DATA SHOWN:

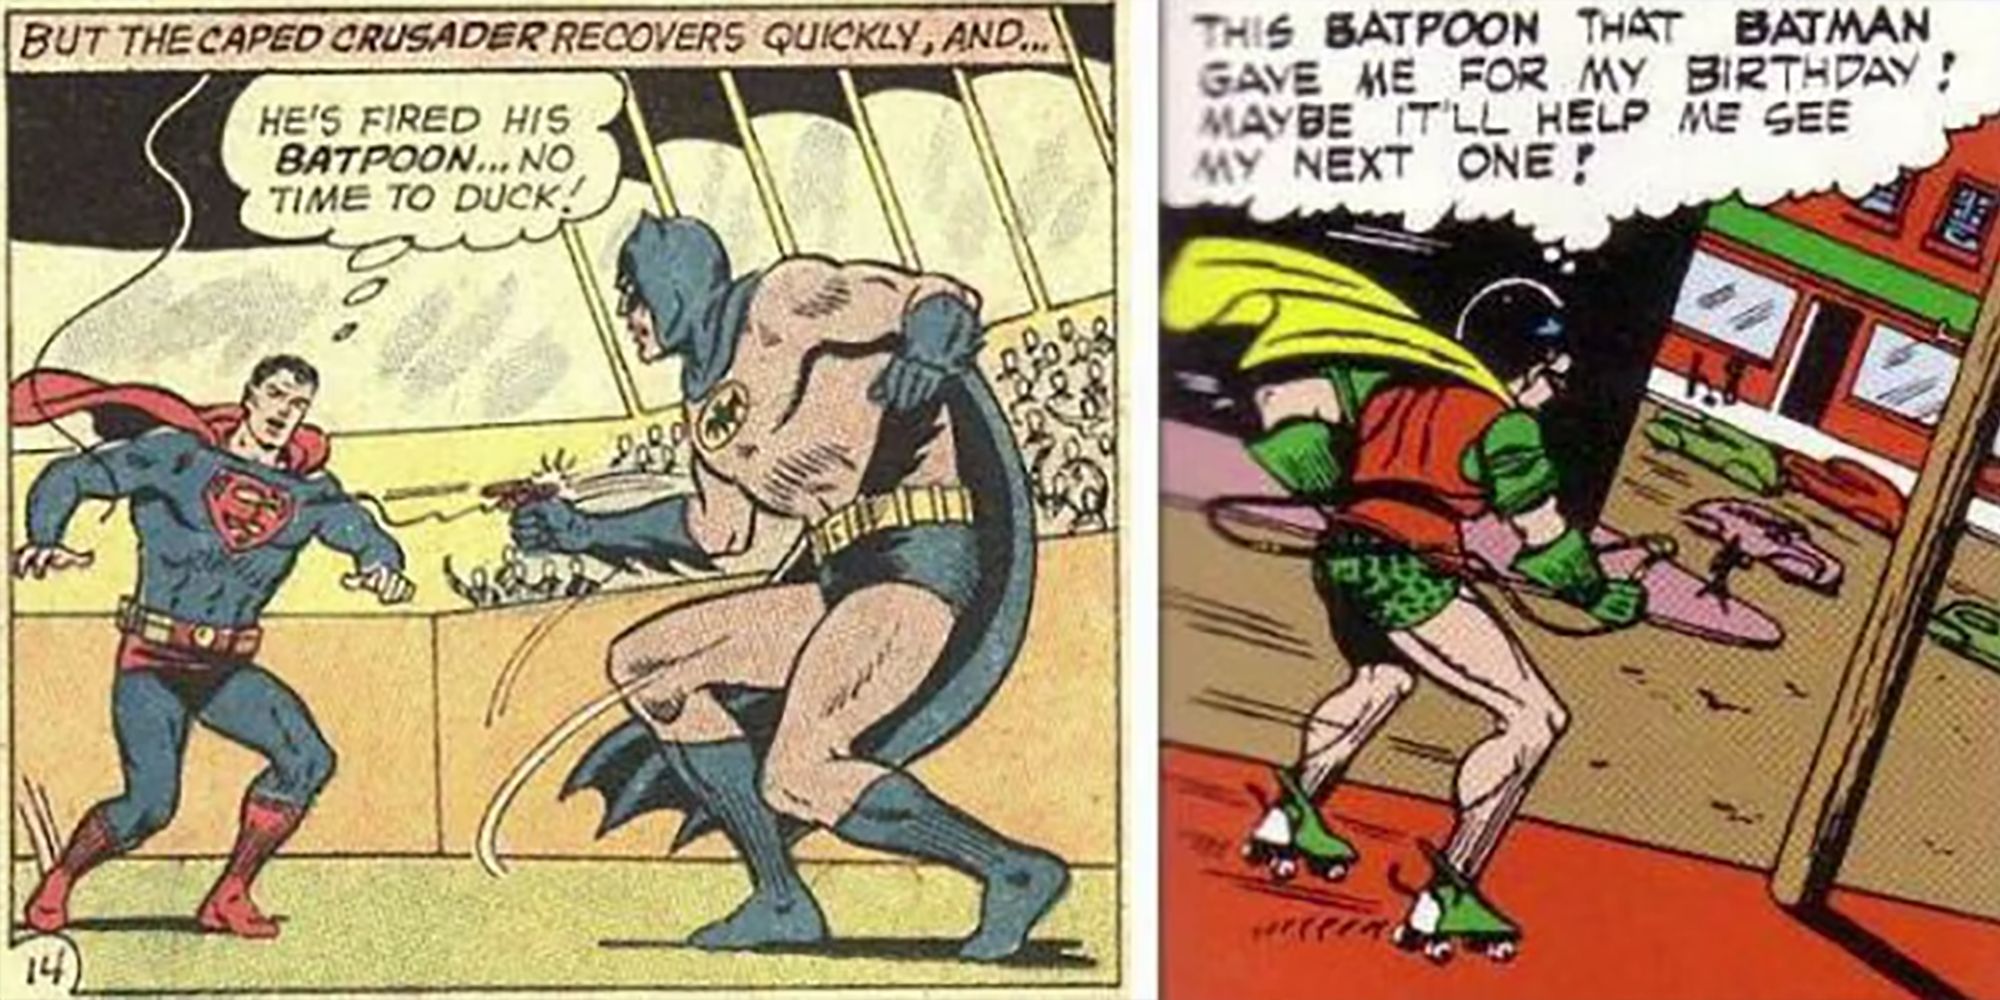 Batman's Batpoon In Action
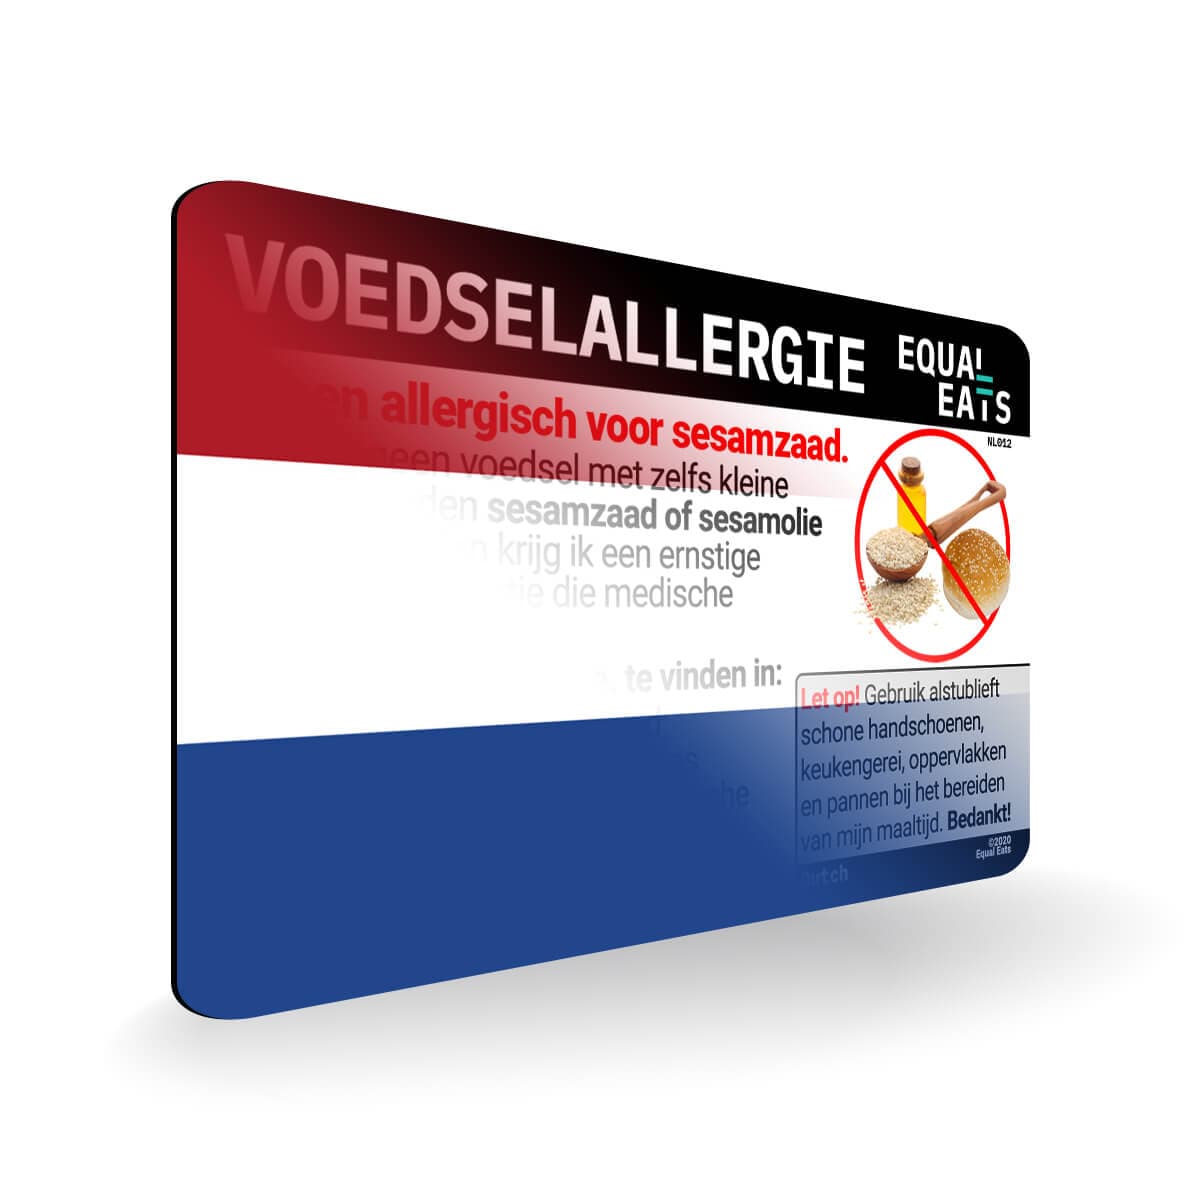 Sesame Allergy in Dutch. Sesame Allergy Card for Netherlands
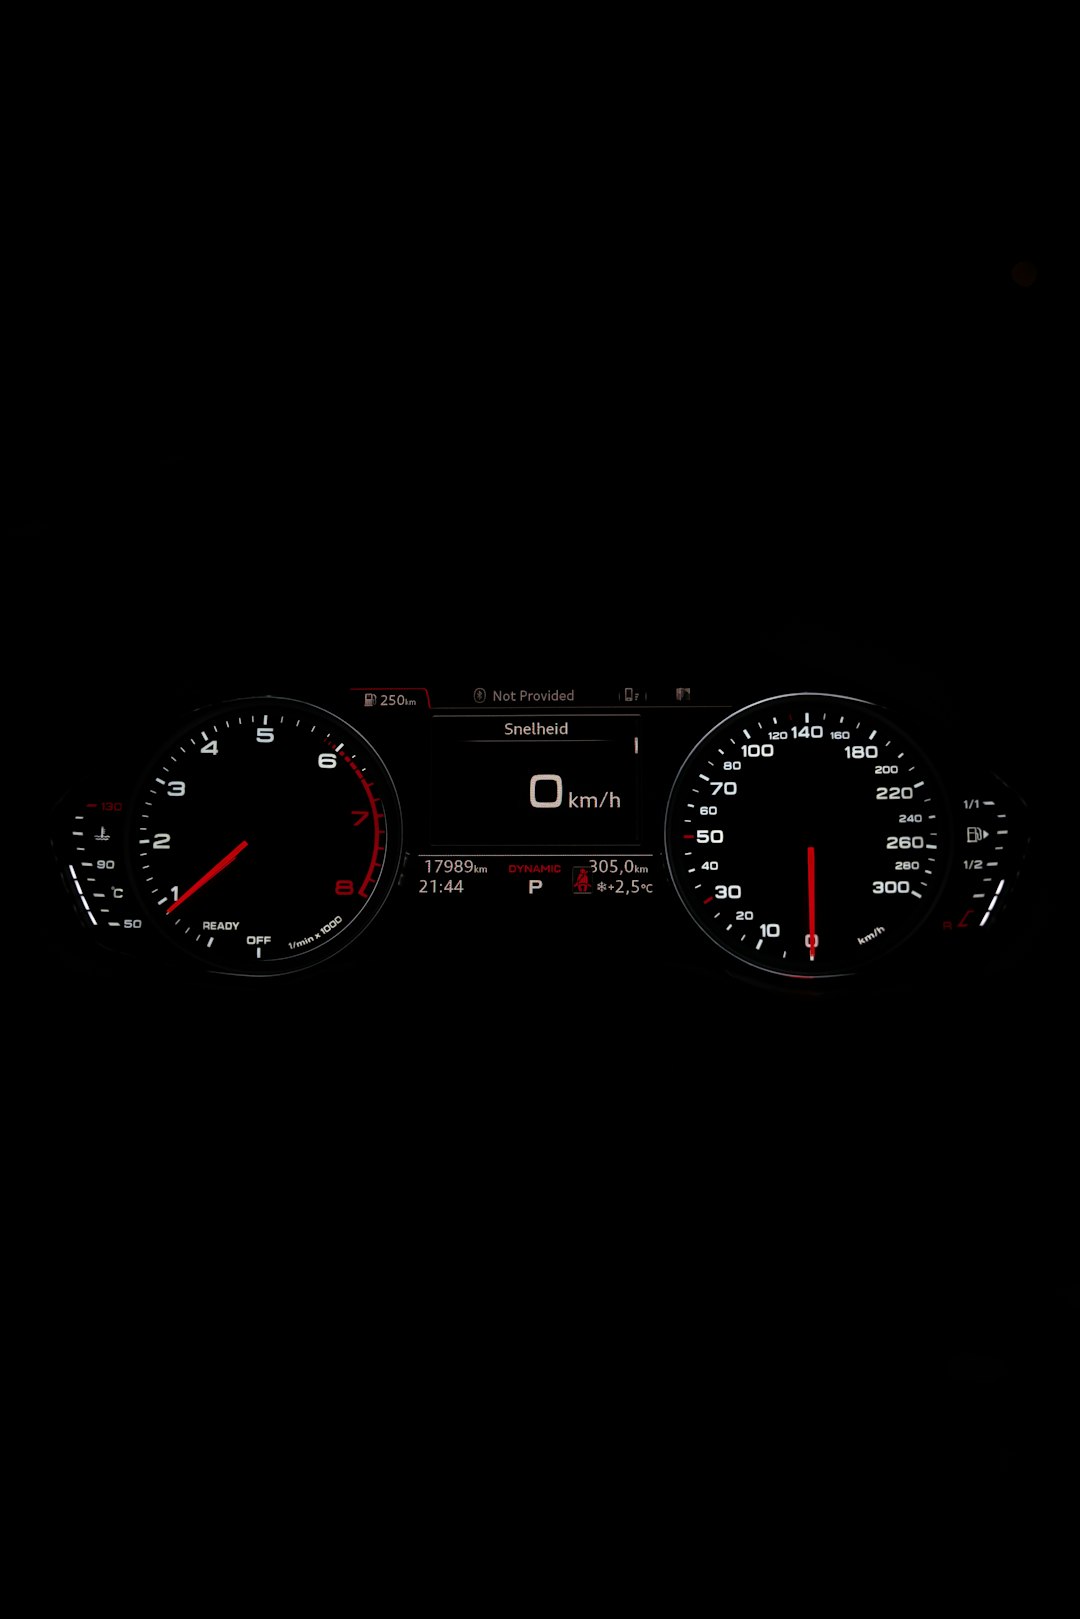 black and red analog speedometer

TASK DIRECTIONS: Restate all of the material word for word, leaving every picture out.

RESULT OF THIS EXERCISE:
 Batman's Batpoon In Action
 Sesame Allergy in Dutch. Sesame Allergy Card for Netherlands
 black and red analog speedometer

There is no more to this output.